Descriptive statistics were used to describe the cohort. Body mass index was grouped into 3 categories: 18.5 to 29.9 kg/m2 (normal weight to overweight), 30 to 39.9 kg/m2 (obese), and 40 kg/m2 or greater (morbidly obese). Receipt of lymphedema treatment, history of smoking, history of specified comorbidities, and incidence of wound complications were each dichotomized and dummy coded. Chi-square analysis was used to examine differences among categorical patient characteristics between the control and treatment groups. Differences in the continuous variables of time to definitive fixation between the control and treatment groups were analyzed using the nonparametric Mann–Whitney U test. Chi-square analysis or Fisher's exact test was used to analyze the relationship between categorized known risk factors for complications (ie, obesity, smoking, diabetes, and fracture type) and lymphedema treatment with the development of wound complications. Regardless of the outcome of this bivariate analysis, each risk factor was included in a multiple logistic regression model along with receipt of lymphedema treatment to determine which factors affected the incidence of wound complications. Odds ratio and 95% confidence interval were reported for each factor. If the confidence interval crossed 1, the risk factor was not significant. P<.05 was considered significant for all other analyses.
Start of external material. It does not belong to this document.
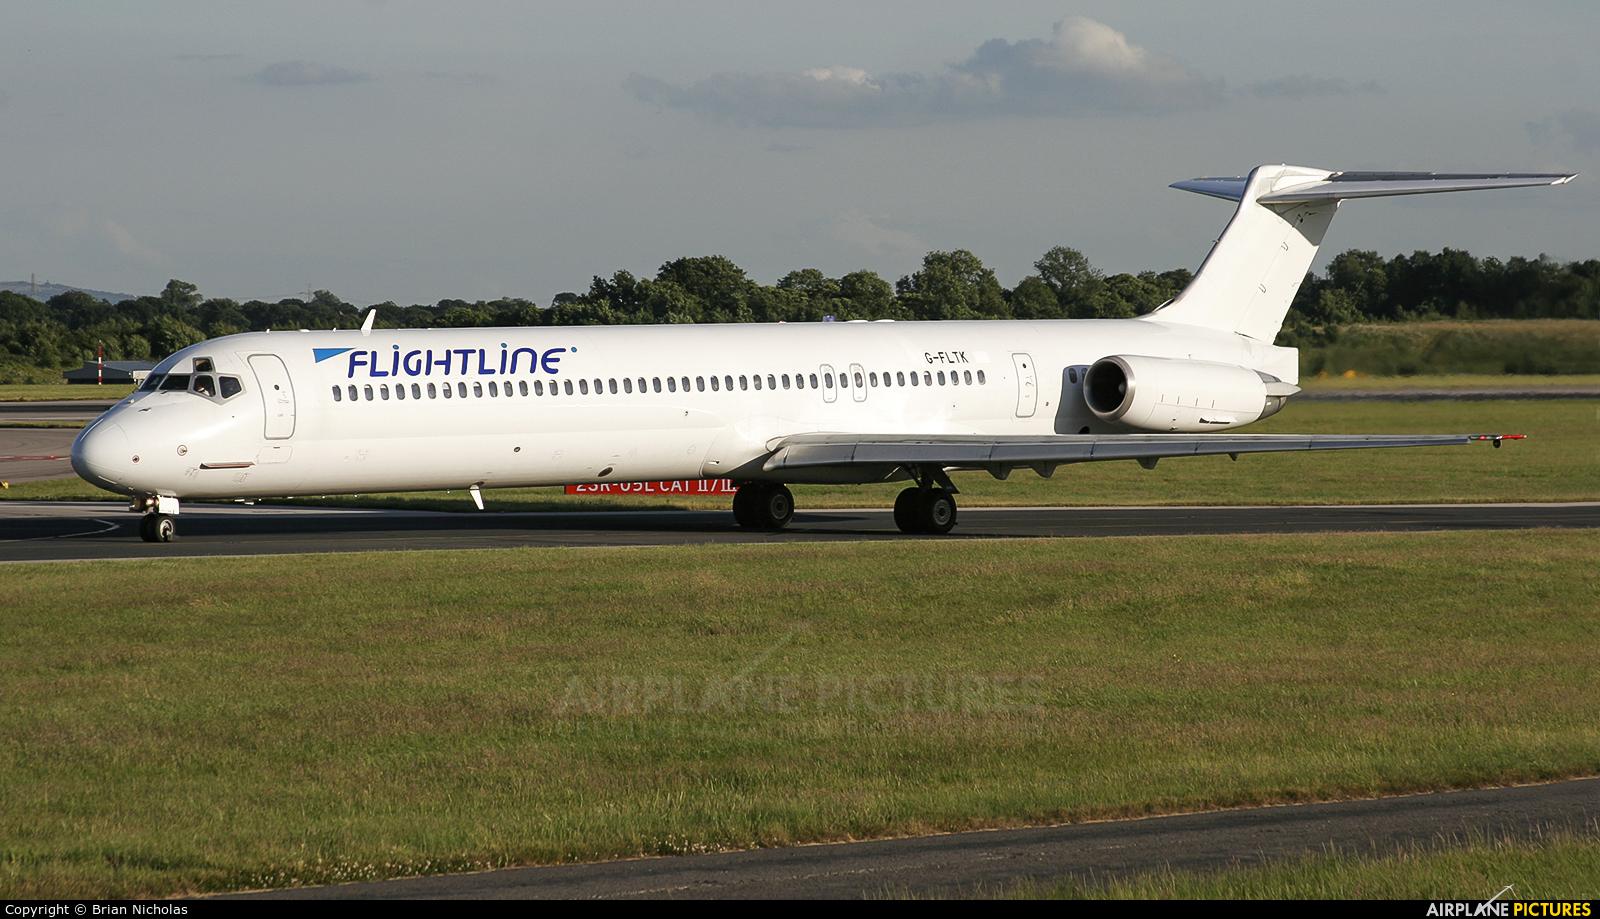 Flightline G-FLTK aircraft at Manchester

All analyses were performed using SPSS version 22 software (IBM, Armonk, New York).

Results

Of the 91 patients eligible for this study, 9 were excluded due to incomplete records or a follow-up period of less than 90 days. This left a total of 82 patients with 84 pilon fractures who were included in this analysis. Each fracture was considered a unique incident for lymphedema treatment, fracture classification, time to internal fixation, and wound complications. The total population was primarily male (59%) with a median age of 44 years. Table 1 describes the cohort as a whole as well as by control and treatment sub- groups. Of the total cohort, 57% received compression wrapping for management of their lower extremity lymphedema. There were no statistically significant differences between the groups regarding basic demographic descriptors, history of comorbidities, or fracture type.

Patient Demographics

Table 1:

Patient Demographics

Most patients (85%) underwent external fixation of their pilon fractures on the day of presentation to the hospital. All remaining patients were placed with external fixators 1 to 3 days after admission. Median time to internal fixation was 20 days (interquartile range, 15.5–30 days) for the control group compared with 11 days (interquartile range, 6–18 days) for the compression group (Figure 2). This difference was statistically significant at P=.001.
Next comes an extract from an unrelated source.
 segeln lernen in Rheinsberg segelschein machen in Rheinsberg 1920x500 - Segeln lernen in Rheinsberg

Box plot depicting distribution of times to internal fixation for patients who did not receive lymphedema treatment compared with those who did.

Figure 2:

Box plot depicting distribution of times to internal fixation for patients who did not receive lymphedema treatment compared with those who did.
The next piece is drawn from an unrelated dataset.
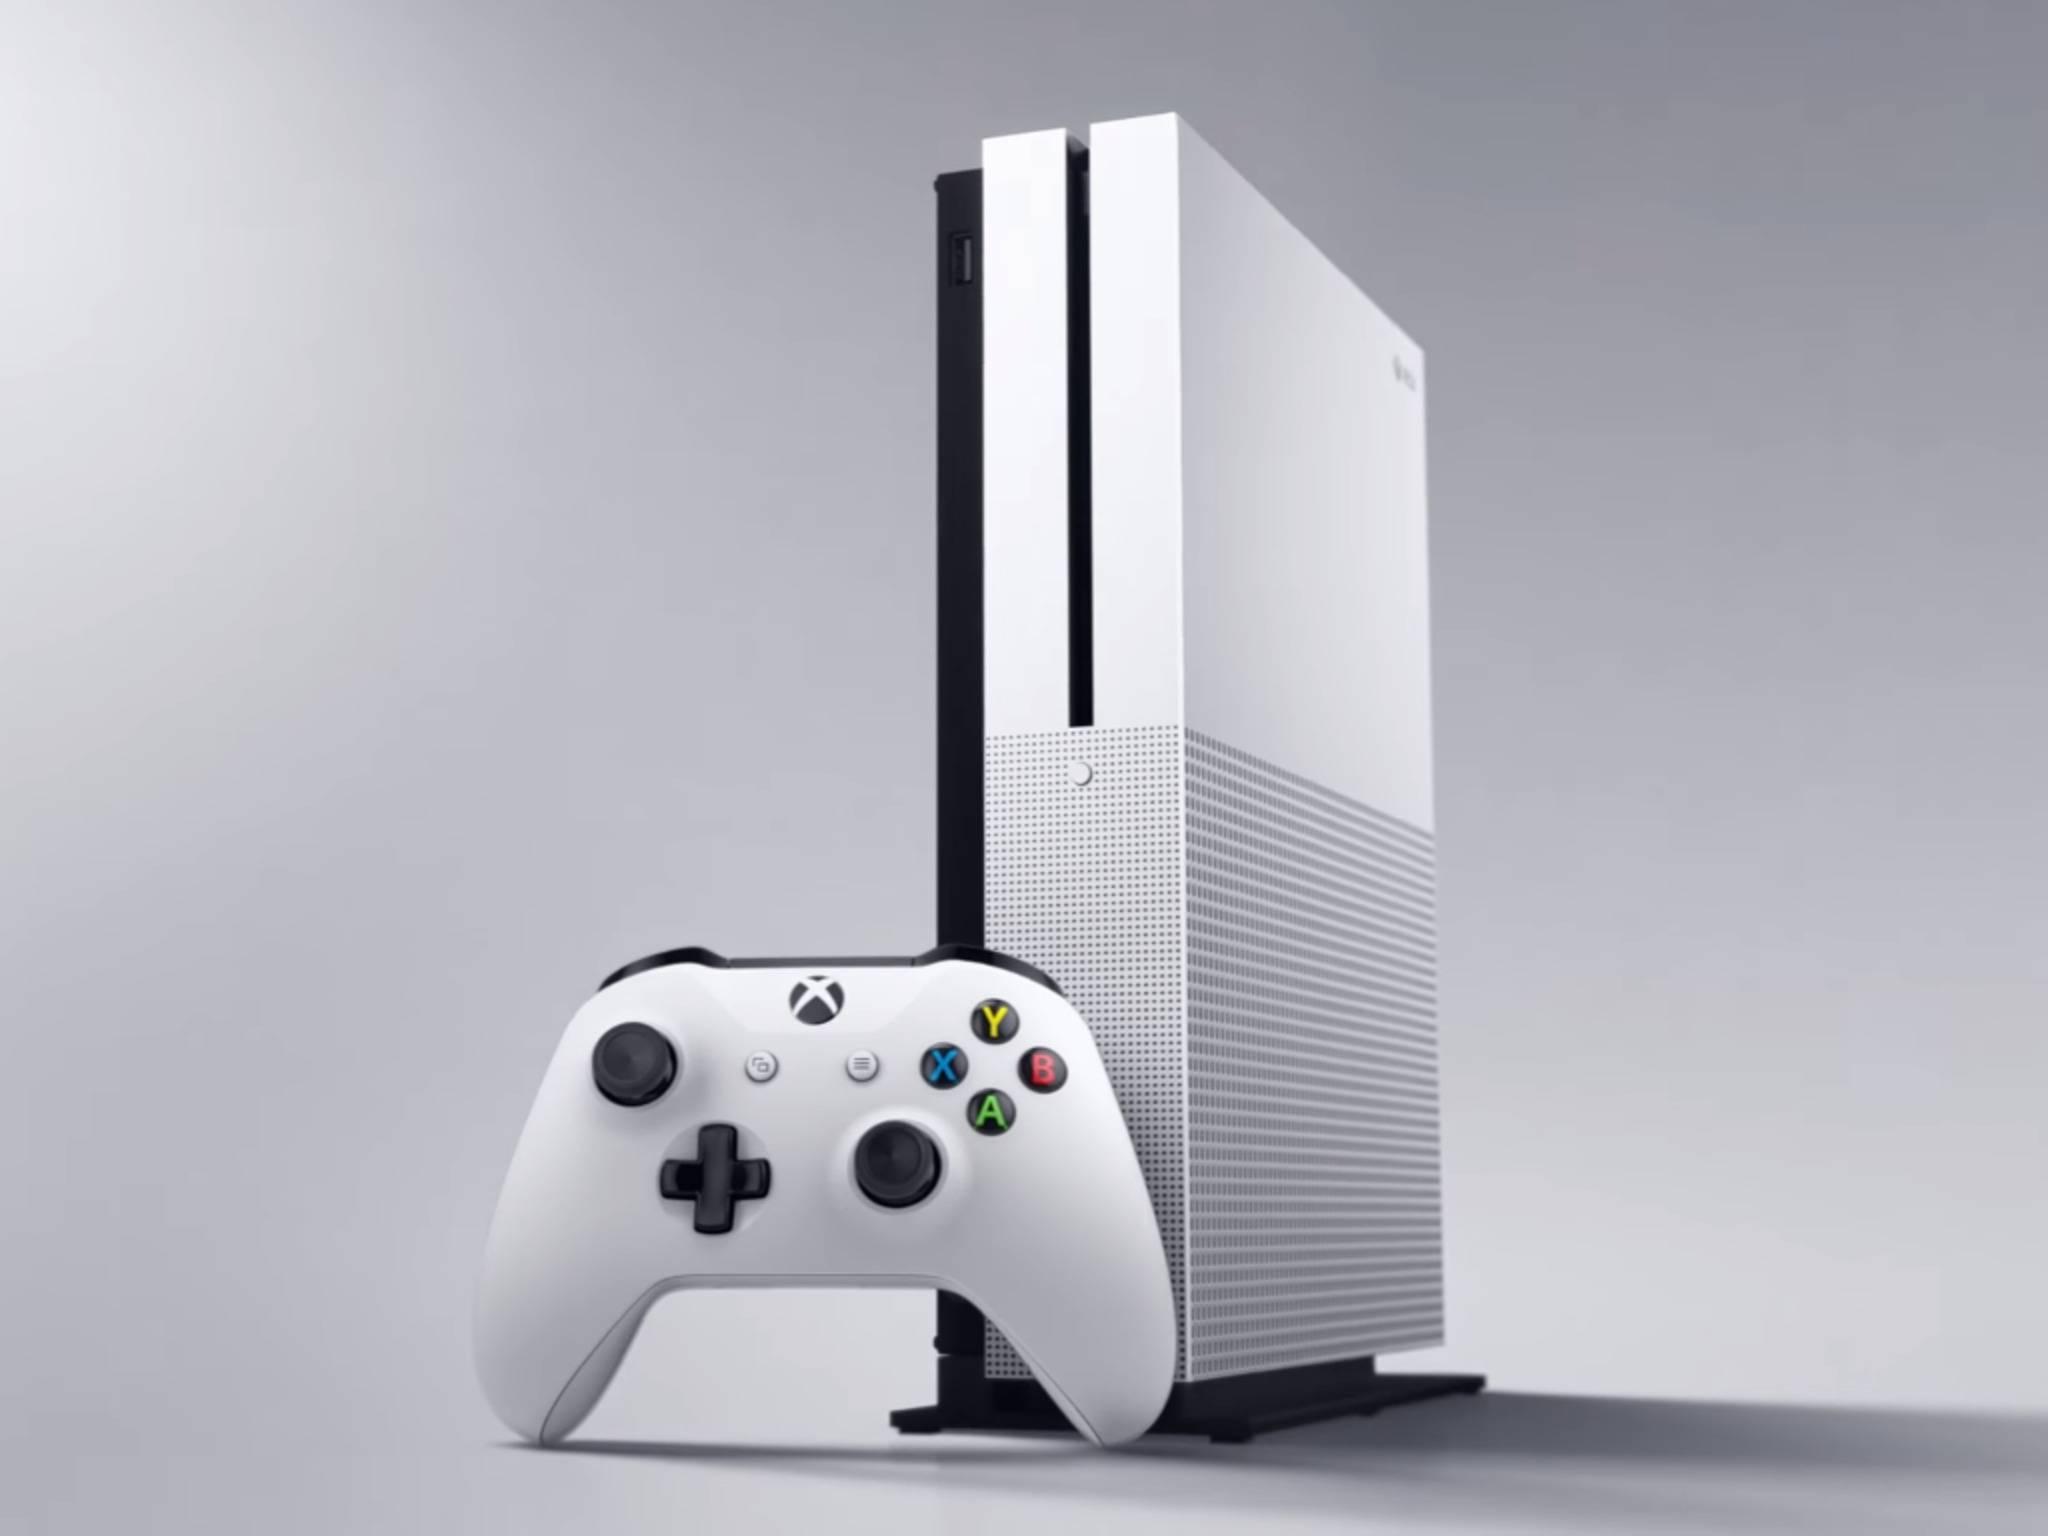 Die 2-TB-Version der Xbox One S erscheint am 2. August.

Follow-up records revealed a total of 35 patients (43%) who developed complications. Of these, 23 received lymphedema treatment. No significant difference in incidence of wound complications was found between the treatment and control groups (P=.246). A demographic comparison of those who developed wound complications with those who did not revealed no significant differences in age, body mass index, smoking history, or comorbidities (Table 2). However, women were significantly more likely to develop wound complications (P=.042), as were patients with open pilon fractures (P<.001).

Local Wound Complications Across Risk Factors, Treatment

Table 2:

Local Wound Complications Across Risk Factors, Treatment

The results of the logistic regression analysis are detailed in Table 3. Consistent with the bivariate analysis, only female sex and open fracture were significantly associated with an increased risk for wound complications. Neither receipt of lymphedema treatment nor presence of known risk factors were found to be predictive of wound complications.

Logistic Regression Analysis of Risk Factors for Wound Complications

Table 3:

Logistic Regression Analysis of Risk Factors for Wound Complications

Complications were further examined to delineate the incidence of minor and major complications (Table 4). Of the 35 total complications, 23 met criteria to be classified as major. The incidence of major complications was similar between treatment and control groups (n=13 vs n=10, respectively). Of these, 16 (70%) occurred in patients with open fractures. The remaining 12 complications were minor and resolved with the administration of oral antibiotics and/or local wound care. No significant relationship was found for the occurrence of major or minor complications with lymphedema treatment.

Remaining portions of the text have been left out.